At the time, Gill and his two brothers would cut half an acre in a day. They used sickles. The heat would approach 100°F. Gill had found his calling.

“I never wanted to work with anything,” he says, “but wheat.”

It’s a fitting remark for the holder of WSU’s O.A. Vogel Chair in Wheat Breeding and Genetics. Gill is now focusing genetic research to bring Vogel’s brand of success to wheat that can grow in less fertile and more arid conditions.

Vogel found his wheat varieties by cross-breeding, a process involving multiple generations and a lot of time. Gill can mutate thousands of plants, using a powerful chemical like ethyl methanesulfonate to change the plant’s DNA and subsequent traits. He can then identify an ideal plant to breed into popular varieties.

In a very direct way, he’s trying to improve on a shortcoming of the Vogel wheat, a lack of the hormone gibberellin. As a result, says Gill, “everything shrunk.” The reduced height kept the plant from falling over, but it also had smaller roots.

Gill would like to find a plant with more roots, firmly anchoring it in the soil and letting it get more moisture. He’s also looking for a longer coleoptile, the hollow sheath surrounding the plant’s early stem, so it can be planted deeper in drought-prone soils. He has at his disposal a three-year, $1.6 million grant from the National Science Foundation and the Gates Foundation, and while he tells them the work will take more than three years, he’s bullish on the technology.

“I think there is a lot of potential with all the research we’re doing in genomics to deliver,” he says. “And then we may see yet another Green Revolution, where we double the yield again.”

If there will truly be a second Green Revolution, it will be in the face of pressure to make it green in an environmental sense.

“It’s widely acknowledged that there were too many social and environmental problems resulting from the intensive high-input ag approaches often promoted during the Green Revolution,” says Jerry Glover (’97 BS Soil Science, ’98 BA Philosophy, ’01 PhD Soil Science). “USAID and the international research centers now focus much more on soil and water resources and social impacts of agricultural development.”

Glover is an agroecologist, adapting broader ecological principles to crop production and focusing on techniques that stand to save and restore degraded and marginal landscapes.

The product of a Colorado farm, he came to his three WSU degrees by way of Skagit Valley Community College, where he studied landscape design and plant science while living in a ’54 Chevy camper. There he read a paper by WSU soil scientist and organic farming pioneer John Reganold, who became his doctoral advisor.

“Agriculture integrates so many of the different elements of being a human: the social, political, economic, our interactions with the natural world, and so on,” he says. “It was a fairly short, fast trip from discovering soil science to becoming devoted to agriculture and the implications for humanity.”

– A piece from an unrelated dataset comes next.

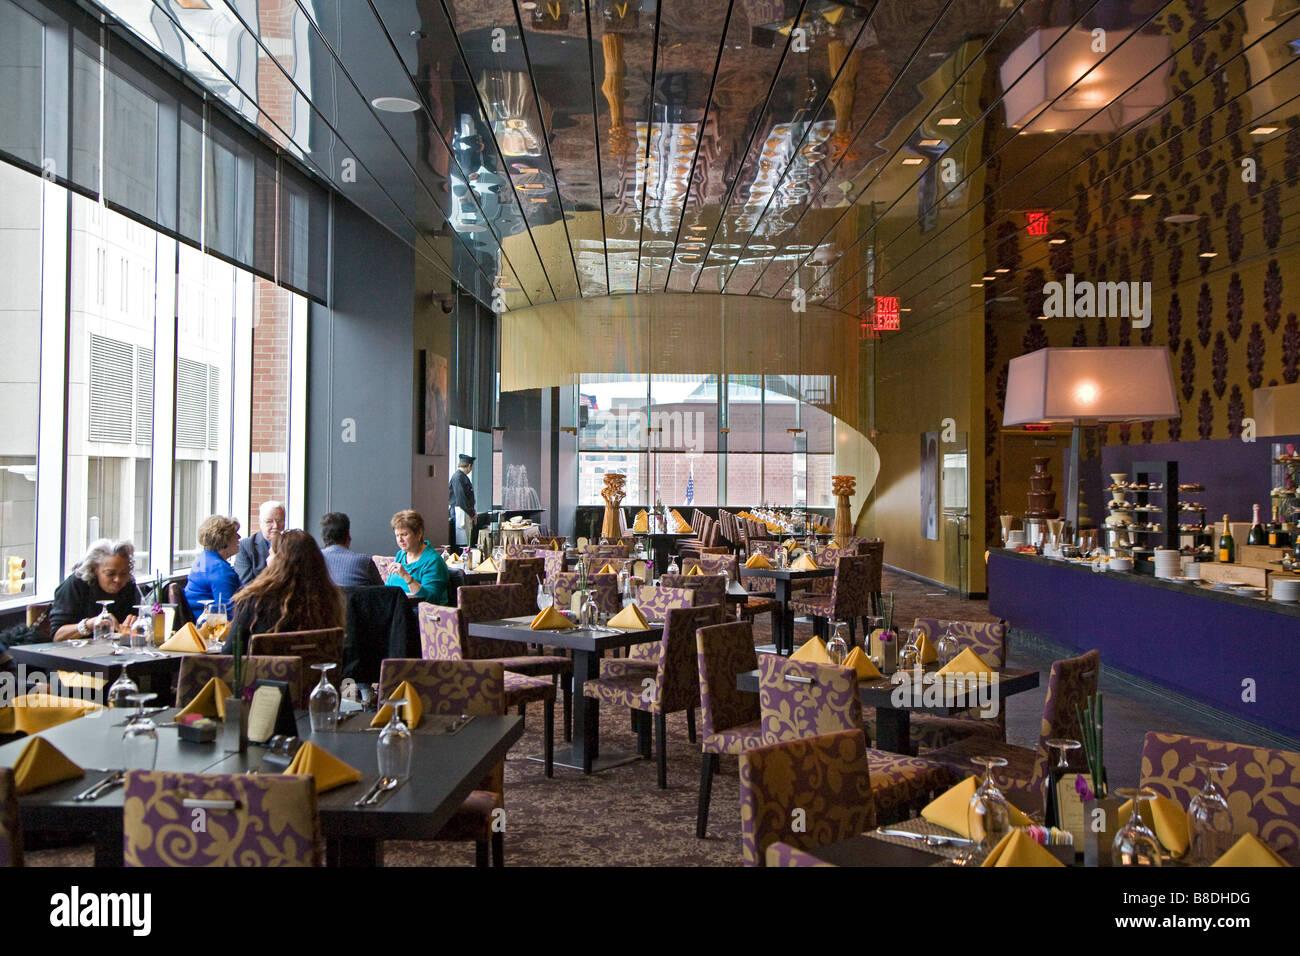 By casino greektown restaurant aruban resort and casino review
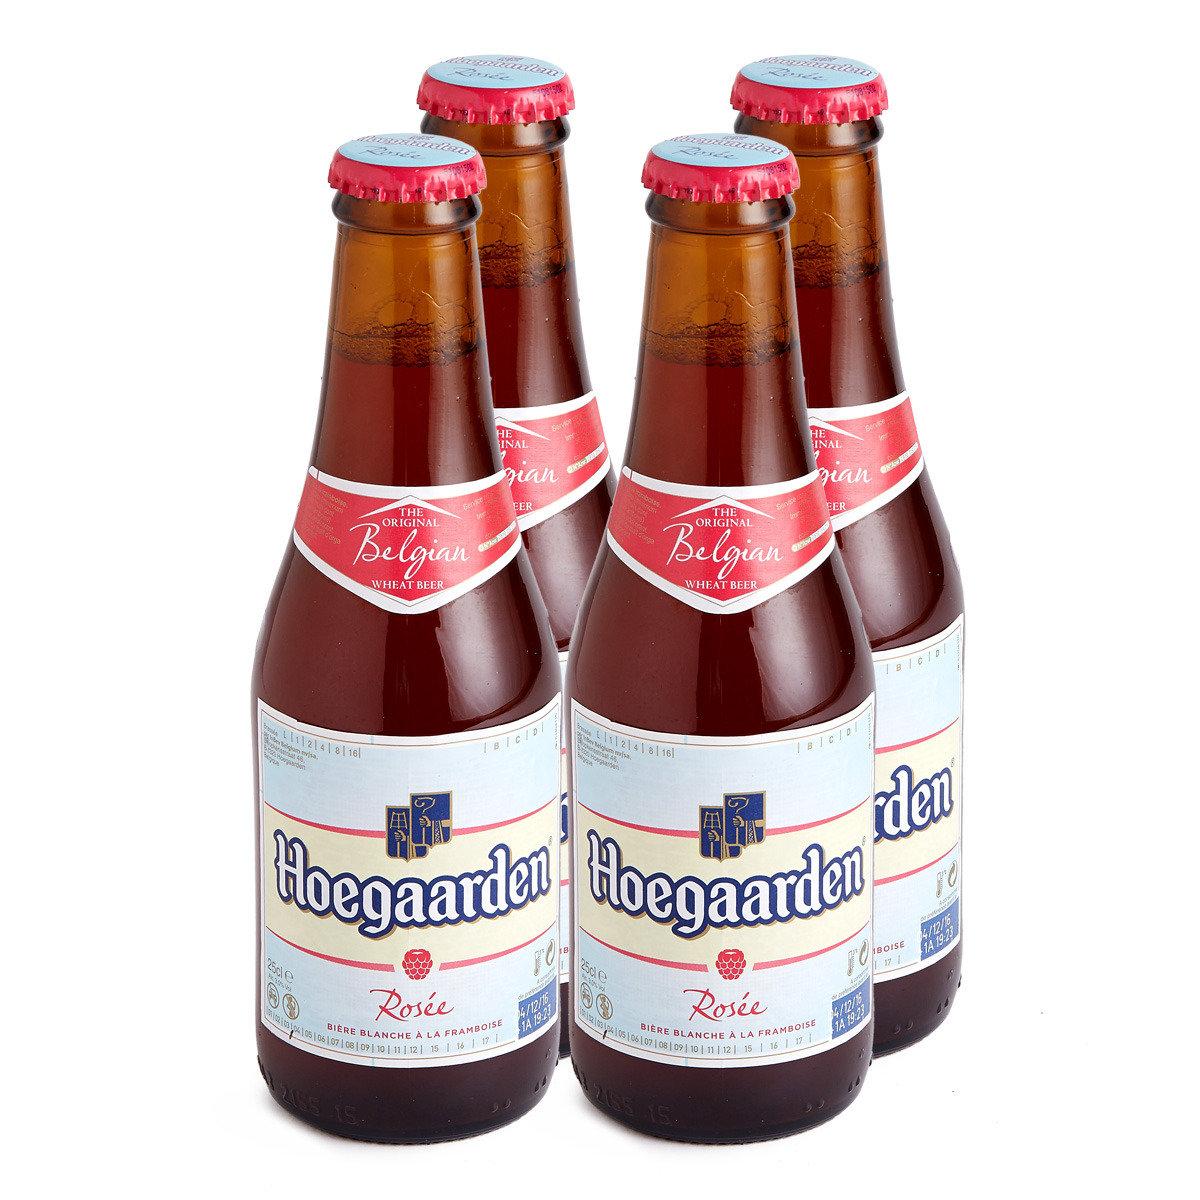 紅桑子白啤

While at WSU, Glover had a fellowship at The Land Institute, a Salina, Kansas, nonprofit working on perennial crops that could marry stable prairie ecology with the grain yields of annual crops. Glover studied a tall grass meadow that had been mowed for hay for nearly a century. It had no inputs like nitrogen fertilizer. As might be expected, the harvested grassland’s soil was healthier than either conventional or organic ground. Moreover, the meadow owner was harvesting more nitrogen in the grass hay than he was from the high-input wheat field where he applied high levels of nitrogen fertilizer to maintain adequate yields. In the grassland, Glover saw “a model for a truly sustainable type of agriculture” and a reaffirmation of The Land Institute’s vision.

Glover is now on leave from the institute as an international agriculture research advisor working with USAID. The journal Nature has called him one of the “five crop researchers who could change the world.” National Geographic has called him a visionary “emerging explorer.”

Writing last year in the journal Science, Glover and Reganold called for a focus on perennial grain research similar to that underway on biofuels. Unlike conventional grains, which have been planted annually for most of agriculture’s 10,000 years, perennial grains could be planted every few years, using less fertilizer, herbicide, and fuel, and causing far less erosion. With roots as long as 12 feet, they could build soil, sequester carbon from the atmosphere, find more water, and use more of the nitrates that can pollute drinking water and create marine “dead zones.”

The grains, which they predicted could be a reality in 20 years, would be particularly helpful in the world’s marginal soils that support half the world’s population.

After Jahi Chappell got an undergraduate degree in chemical engineering, he helped make body wash for Procter & Gamble, the world’s largest consumer products company. The work didn’t quite meet his standard for improving the lives of others.

But he did take to heart the engineer’s concept of the “rate-limiting step,” the slowest part of a reaction that in turn determines the reaction’s overall speed. As he turned his attention to ecology and the challenge of feeding the world, he realized a lot more than food was involved in food security.

“The constriction point is not technical solutions,” says Chappell, an assistant professor of environmental science and justice at WSU Vancouver. “It’s political feasibility and political will. That’s quickly obvious when you look right now. A couple people h
ave responded to the question of, ‘How do we feed 9 billion people?’ with, ‘How do we feed 6 billion people?’ Because we have enough food now but we have around a billion people who are malnourished right now. That clearly is not just a problem of supply.”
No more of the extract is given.